EXERCISE DETAILS: Give again only the lines from the line that holds "Nadine und Philippe vom Blog Gustofrenzy" to the end of the data, inclusive, omitting all pictures.

INFORMATION SHOWN:
========

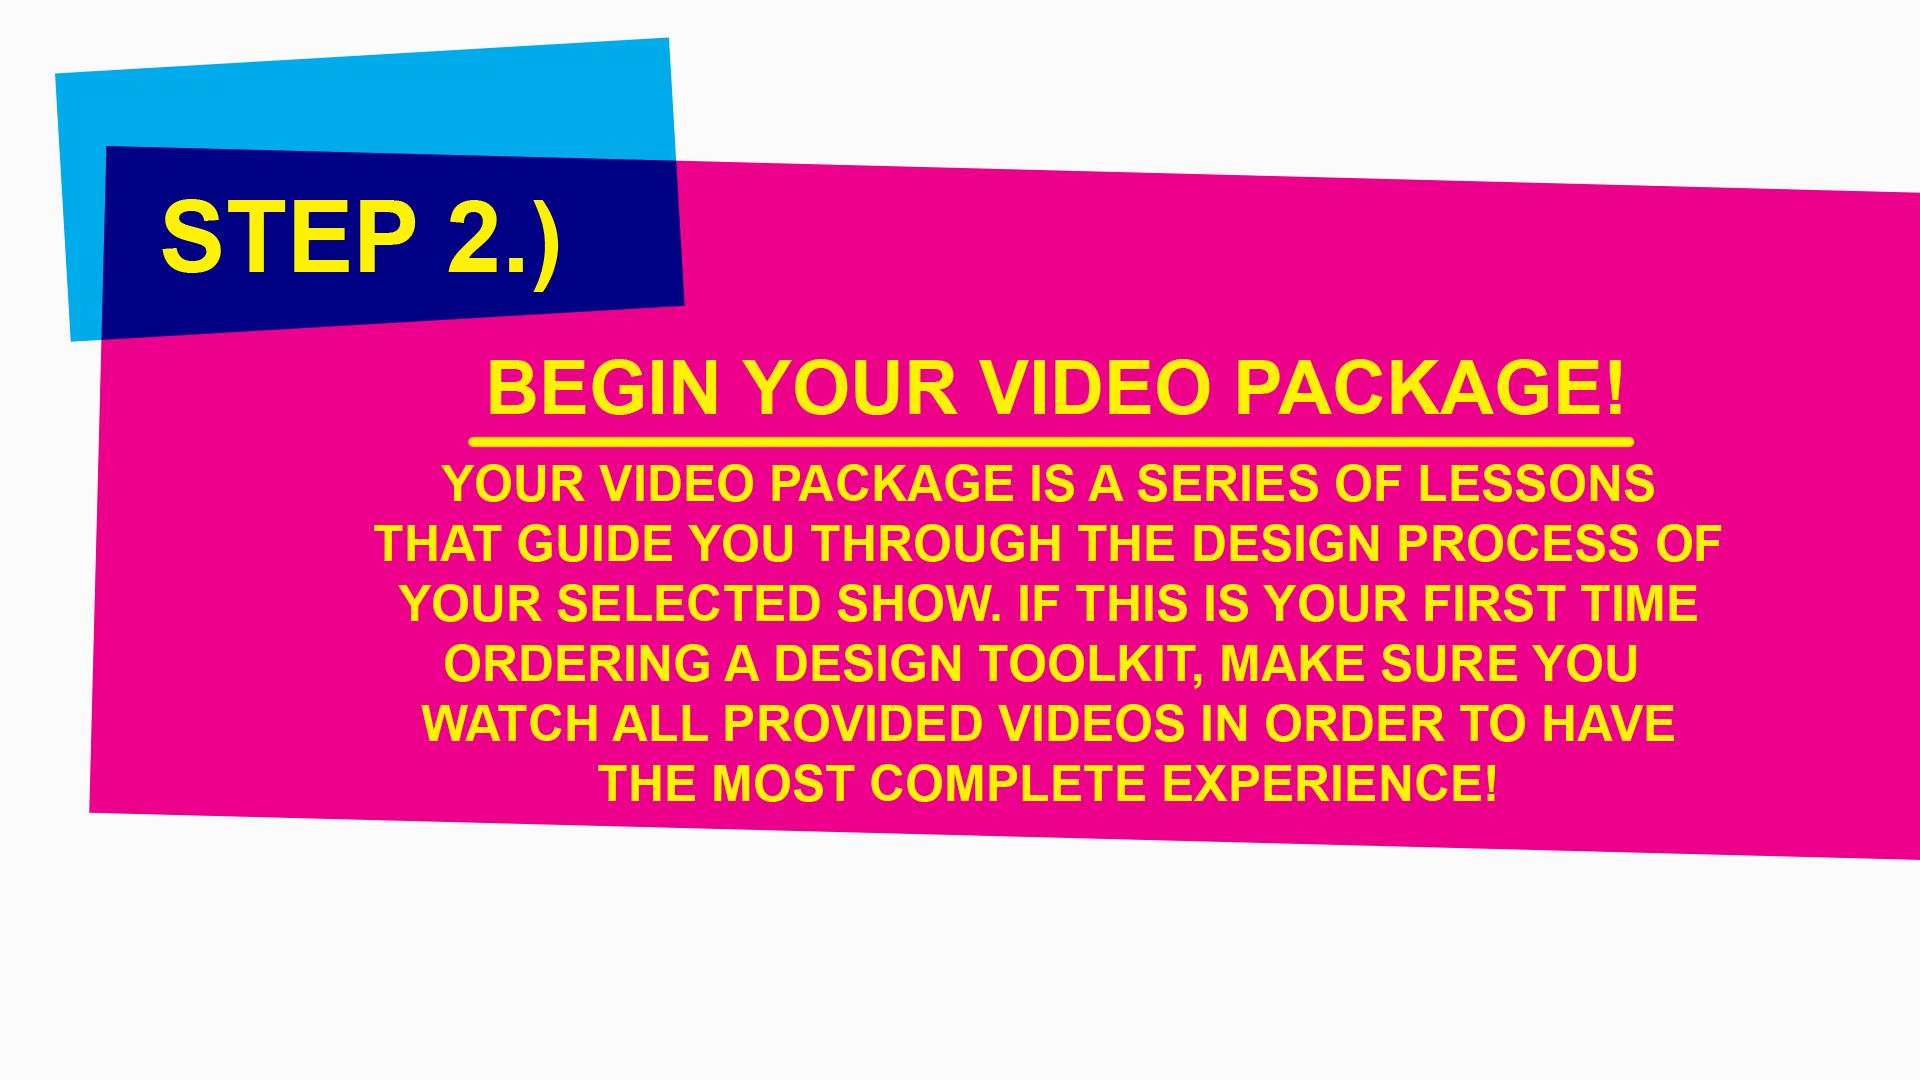 step 2 card.jpg
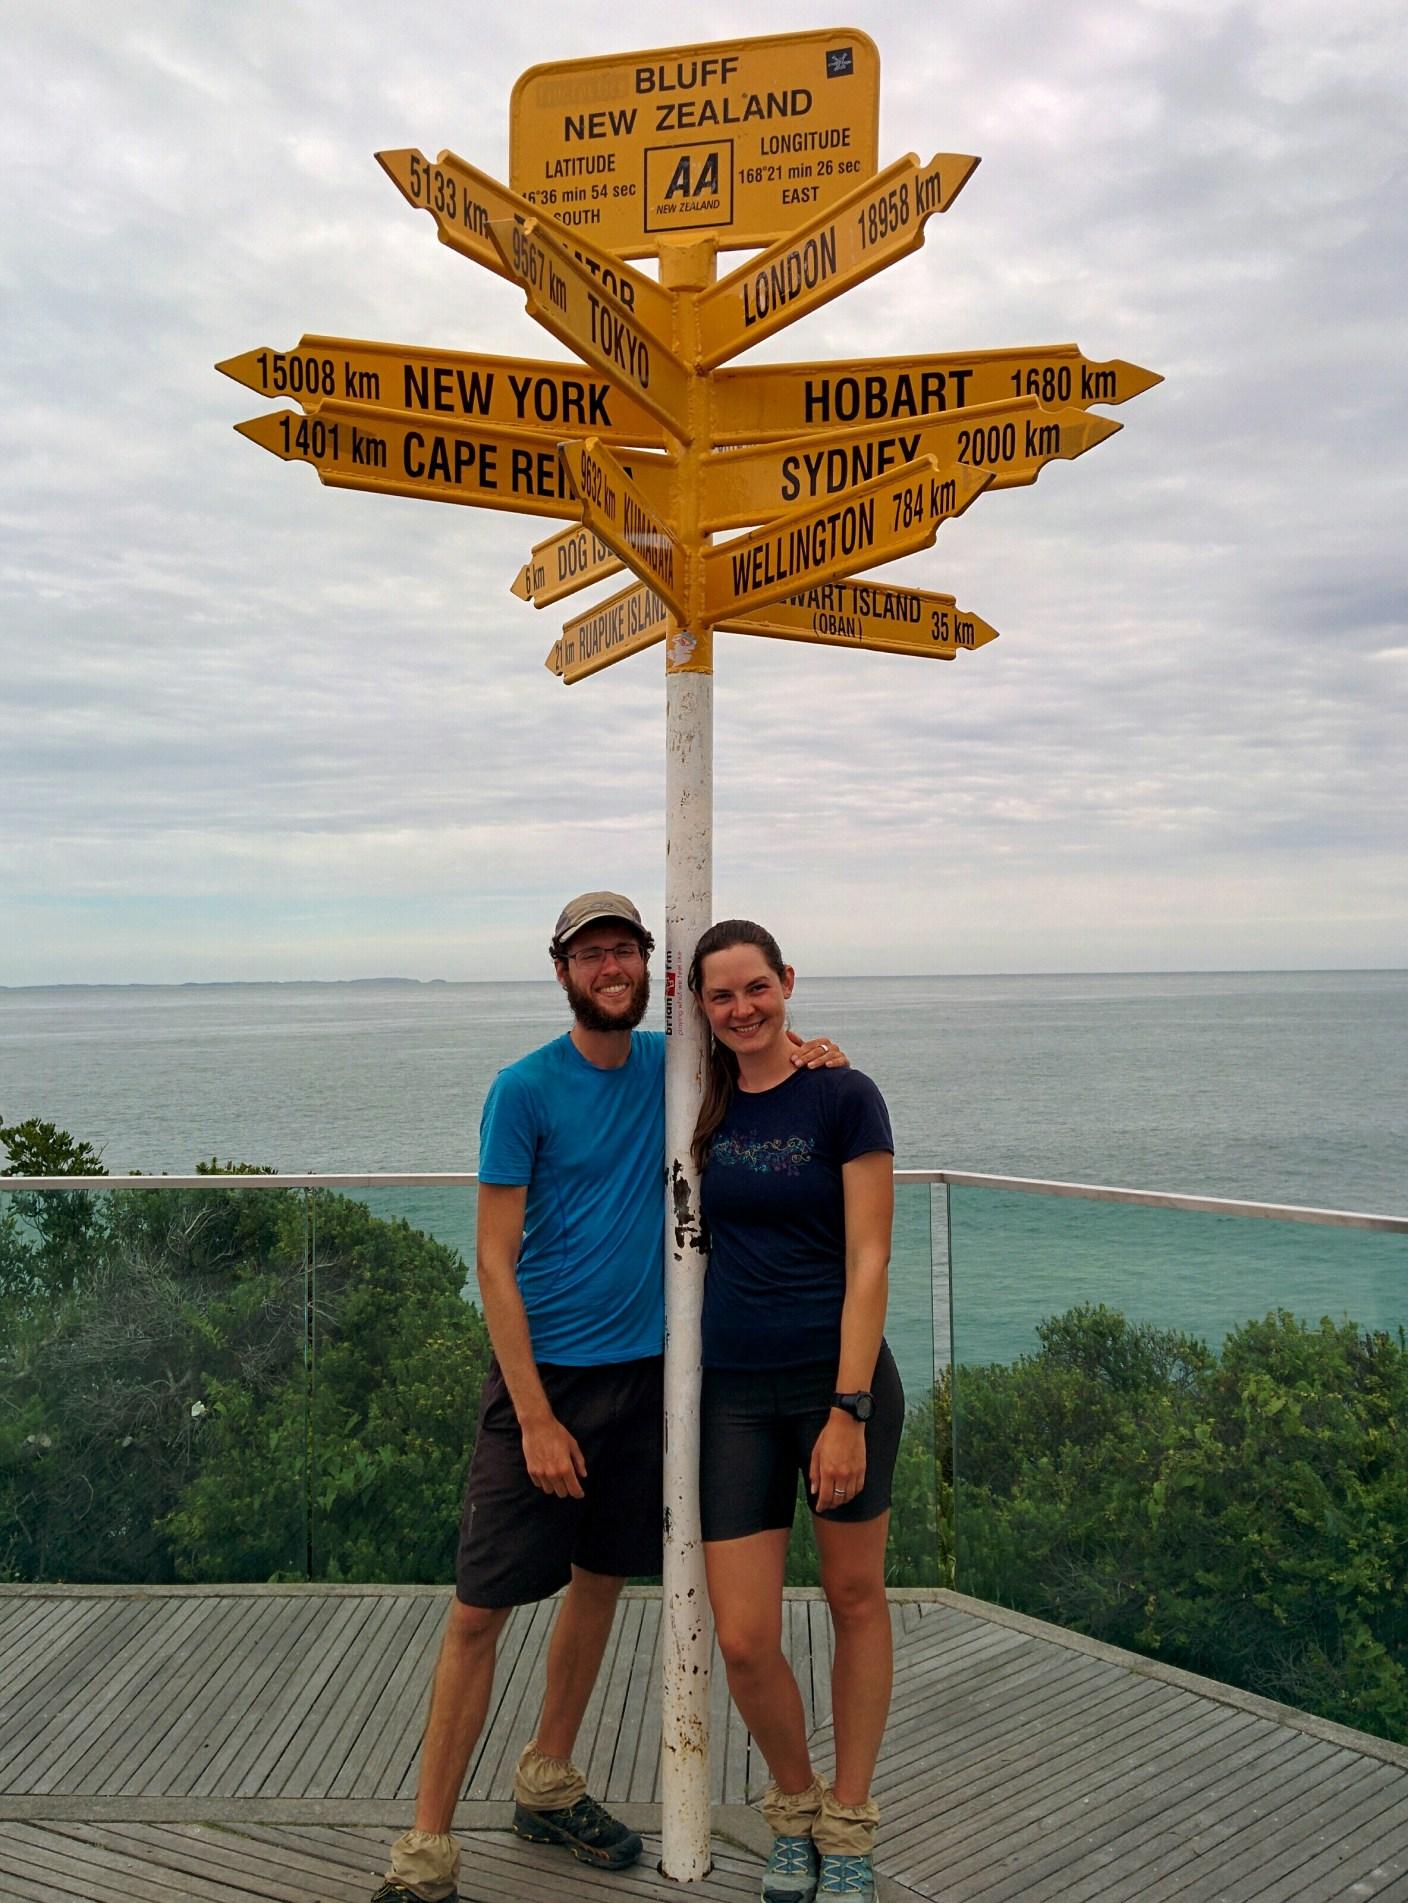 Nadine und Philippe vom Blog Gustofrenzy
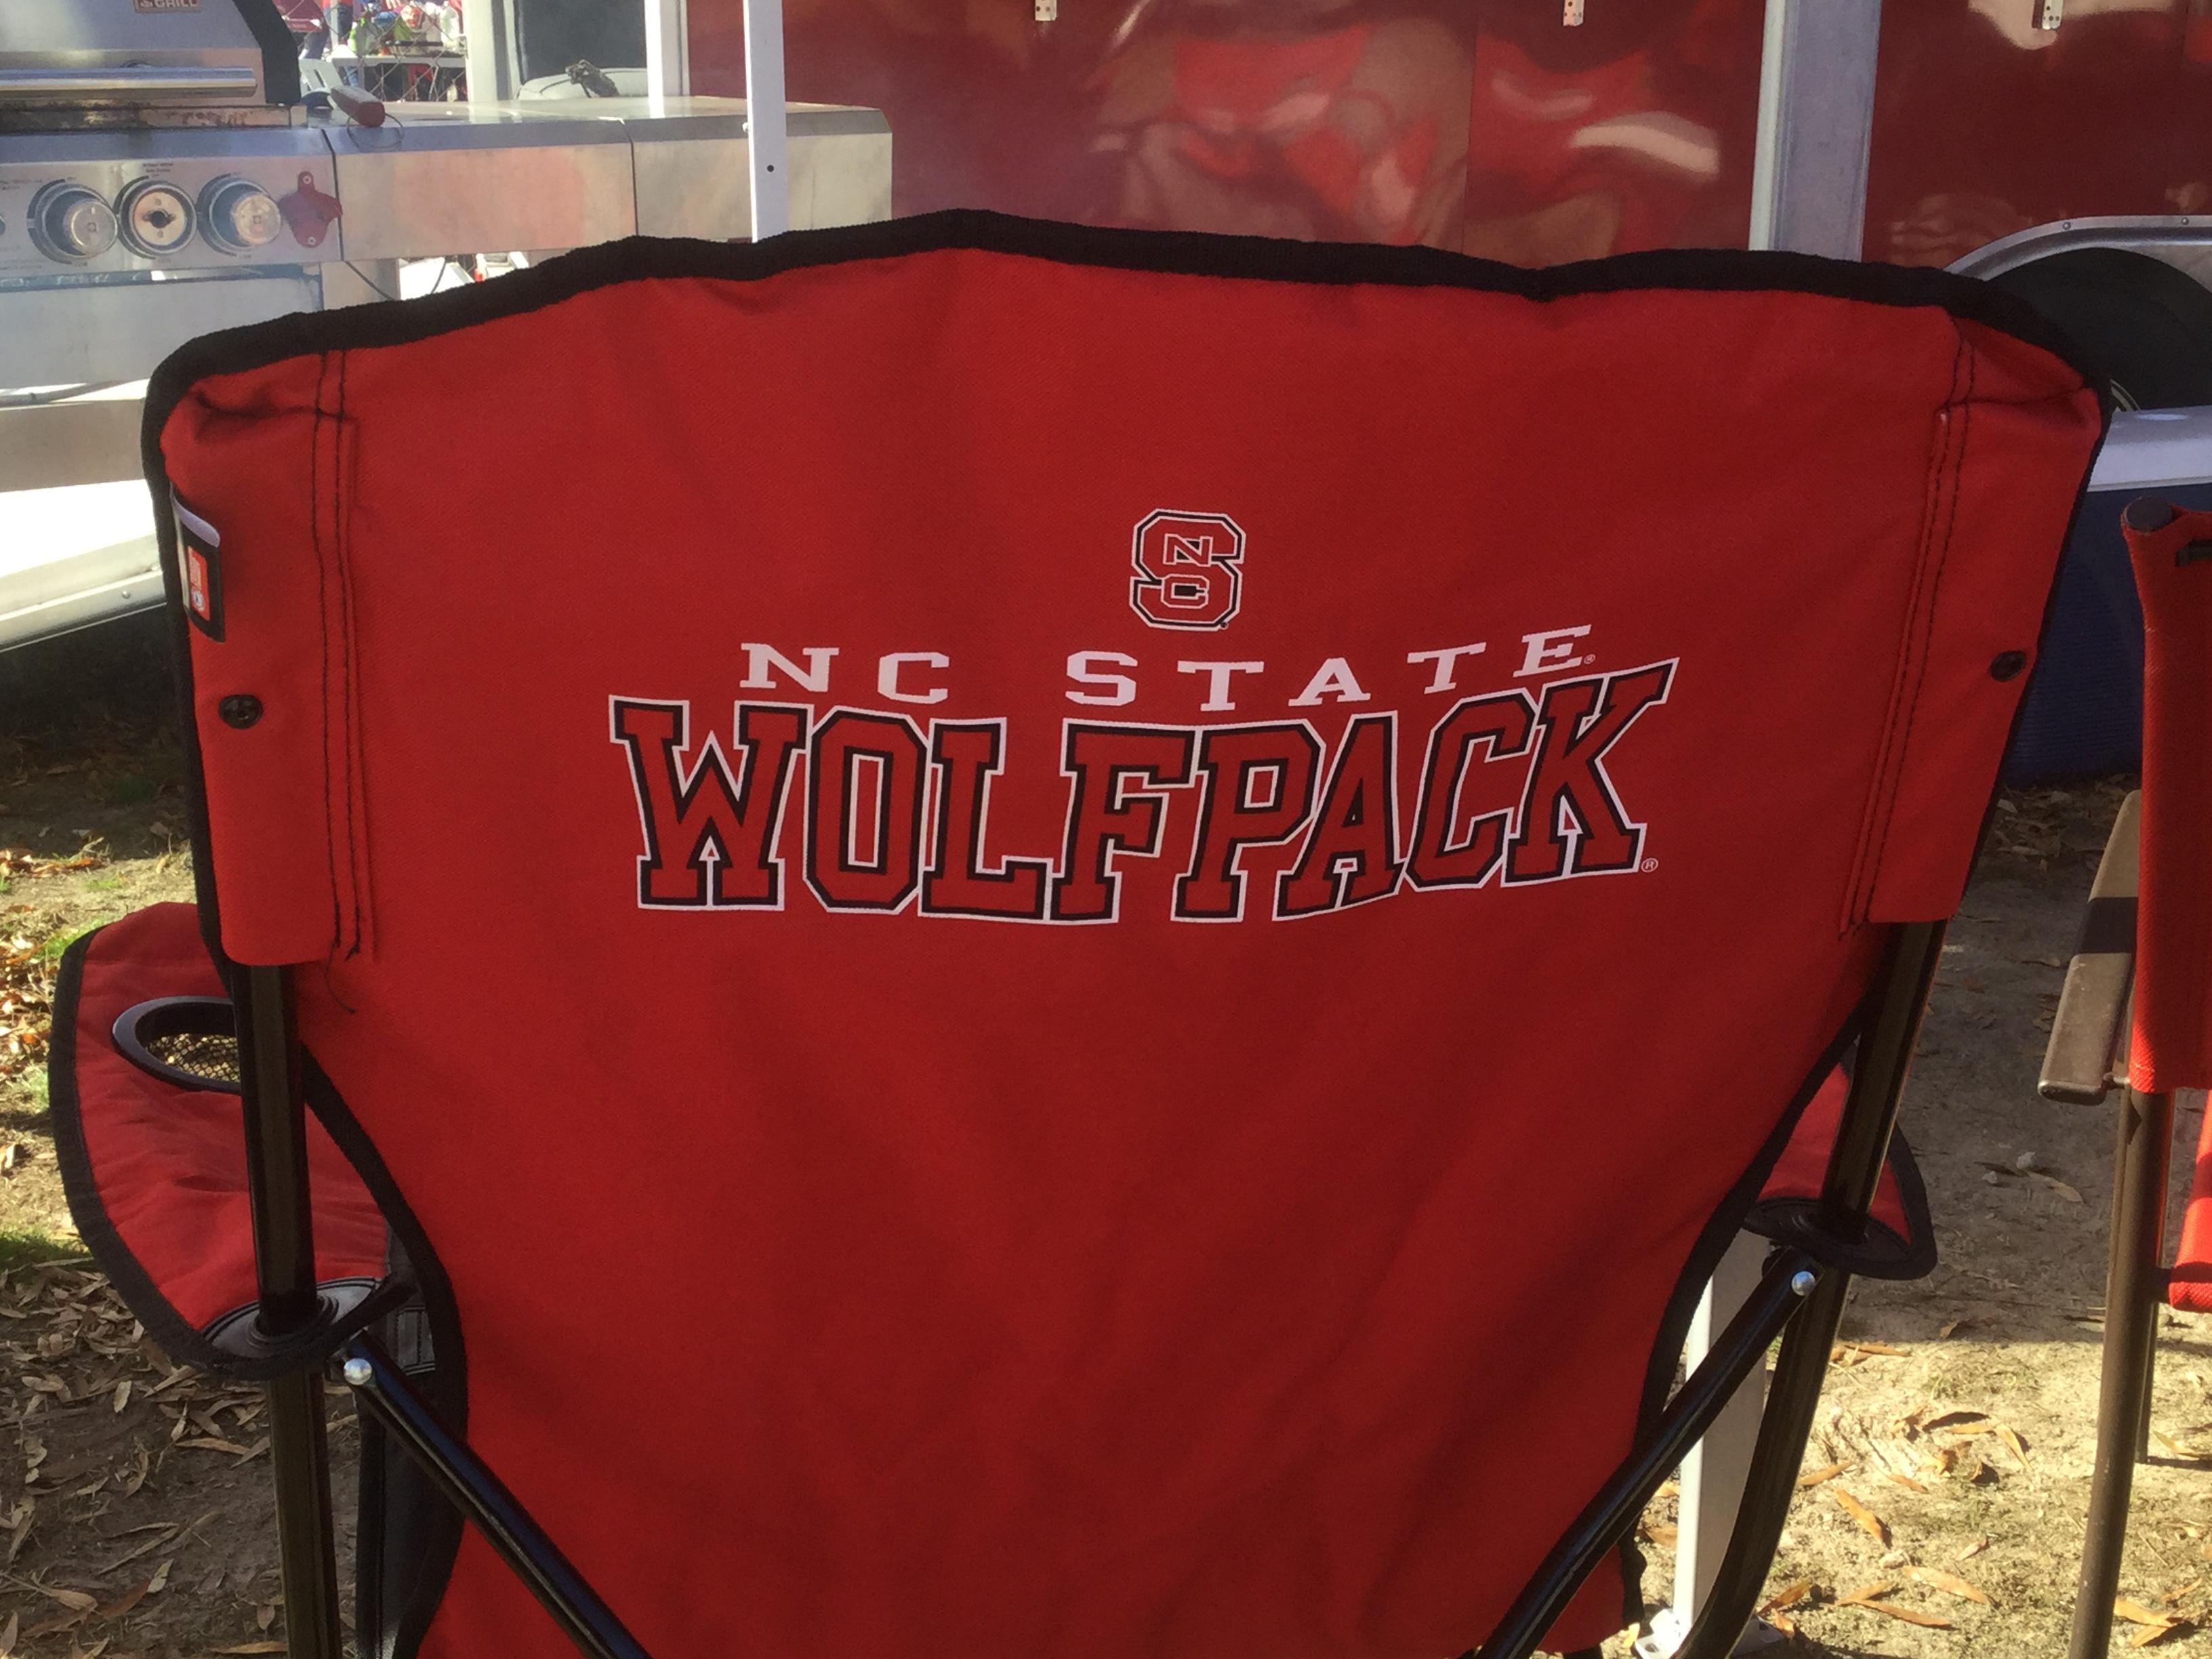 Tailgate Party NC State vs Univ of North Carolina

========

SOLUTION FOR THIS TASK:
 Nadine und Philippe vom Blog Gustofrenzy
 Tailgate Party NC State vs Univ of North Carolina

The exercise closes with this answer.